An alternative strategy for stimulating high-permeability wells has therefore emerged : the creation of fractures that are typically less than 100 ft long up to 1 in. (2.5 centimeters) wide after closure. To appreciate how short, wide fracture  stimulate high-permeability formations, one must examine the factors governing postfracture productivity.

The permeability contrast between the formation and the propped fracture is a key determinant of the optimum fracture length. In low-permeability formations there is a large contrast -and therefore a high relative conductivity - and increased fracture length can yield improved productivity.

In high-permeabiltiy formations, relative conductivity is about two orders of magnitude smaller. Increasing the length of conventional fractures offers only minimal improvement in productivity and cannot be justified economically. However, the productive performance of the fracture is detrmined by the dimensionless fracture conductivity which is directly proportional to the fracture width.  Conductivity can be raised by increasing fracture width. 

 In 1984, in Purdhoe Bay, Alaska, USA, Sohio (now BP Exploration) fractured a well with a permeability of about 60 md. The overriding aim of the exercise was to stimulate the well while avoiding fracturing into the oil/water contact (OWC) about 115 ft below the lowermost perforation.

In a relatively small fracturing treatment, some 15,000 gal (57 m3) of gelled fluid were pumped at 45 bbl/min, placing 5440 of proppant in the fracture. This treatment was calculated to be sufficient to create a fracture with a propped length of 43 ft, which based on the assumption that one foot of lateral extension would result in one foot of downward fracture migration, left the fracture easily short of the OWC. The treatment was a mechanical success and production increased by 133%  -versus a theoritacal maximum of 160%. 

After this job, attention shifted to the North Sea. The Valhal field, offshore Norway, has a soft chalk reservoir. Amoco production Co. found that, although the formation was not highly permeable (about 2 md) , it was very unstable and conventional stimulation was difficult. After acid fracturing, the acid-etched channels quickly collapsed as pore pressure was reduced. And after a convetional propped fracture, the proppant became embedded in the soft rock, destroying fracture conductivity.

Experience around the world has enabled development of a methodology for selecting wells for tip-screenout treatments. There are three classes of candidate:
  • Reservoirs with significant wellbore damage, perhaps caused by formation colapse as the pore pressure reduce during depletion. Past matrix treatments have failed, and short, wide fractures are designed to bypass the damage and connect the undamaged part of the reservoir with the wellbore.
  • Reservoirs with fine migration. A short, wide fracture can alleviate this by reducing pressure losses and velocities in the reservoir sand near the wellbore.
  • Multiple pay zones in laminated sand-shale sequences. The thin sand laminae may not communicate efficiently with the wellbore until a fracture provides a continous connection to the perforation.
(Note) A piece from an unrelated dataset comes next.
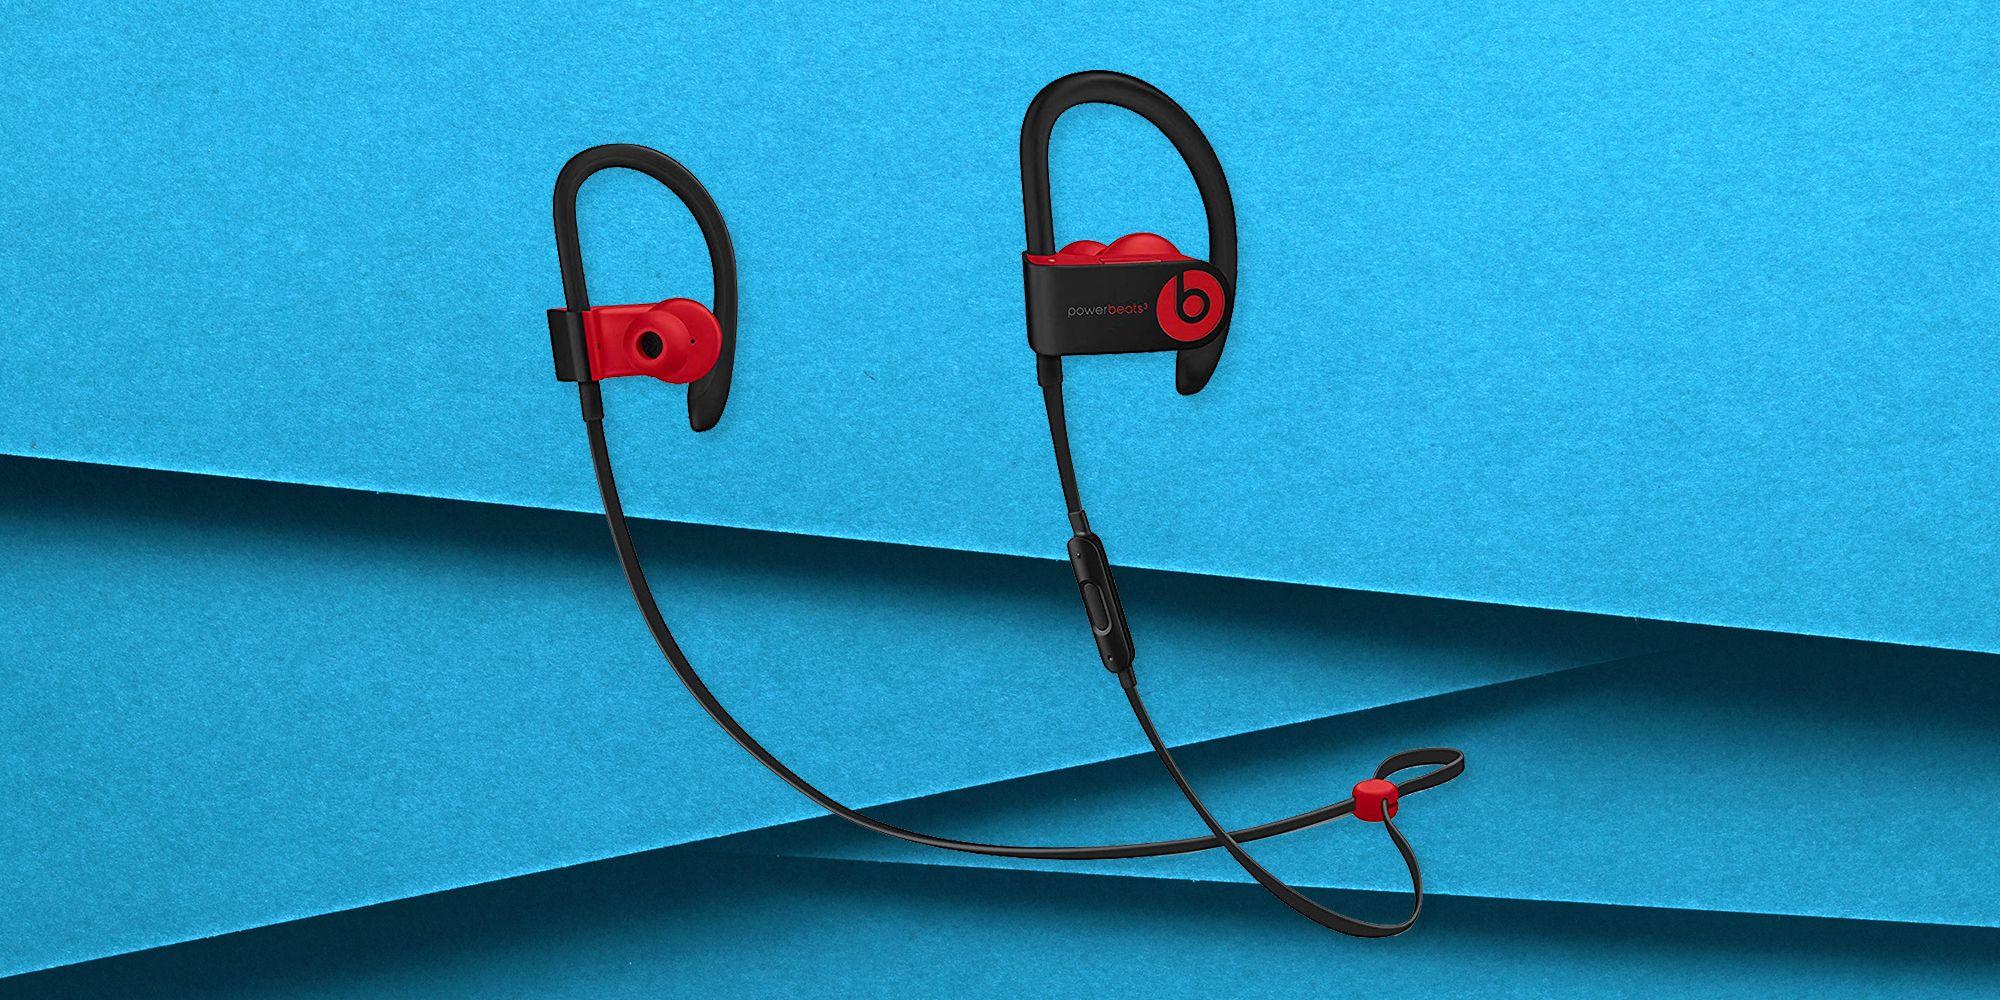 Powerbeats Headphones On Sale For 100 Off Ahead Of Black Friday

 Candidate selection is a multidisciplinary task. Basic openhole logs detect sands and their bounding shales, and indicate their relative permeability and degree of invasion - gaining an insight into the formation's natural permeability before damage, the depth of invasion, the presence of zones thinner than 5 ft (1.5 m) and the formation strength. Specialized techniques like microresistivity logging may then be used to detect thinner layers of interbedded sand-shale laminae. Logs also detect water-bearing zones which must be considered during the design. Pressure transient analysis is used to identify wellbore damage and quantify the production potential of the well. After a candidate well has been identified, the next stage is to design the treatment, a process that relies on knowledge of the rock's mechanical properties and an estimate of the stresses in the reservoir and adjacent rock. 

Mechanical properties can be derived using cores, logs, and direct in-situ measurements. In many cases, however, retrieving good cores  and then accurately testing them in the laboratory are difficult. Log-derived mechanical properties rely on density and sonic measurements. Both compressional and shear sonic measurements work well in consolidated, fast formations. But in soft, slow formations, conventional sonic tools cannot measure shear wave velocity. However, a recently introduced dipole sonic tool can now make these shear wave velocity measurements in any formation.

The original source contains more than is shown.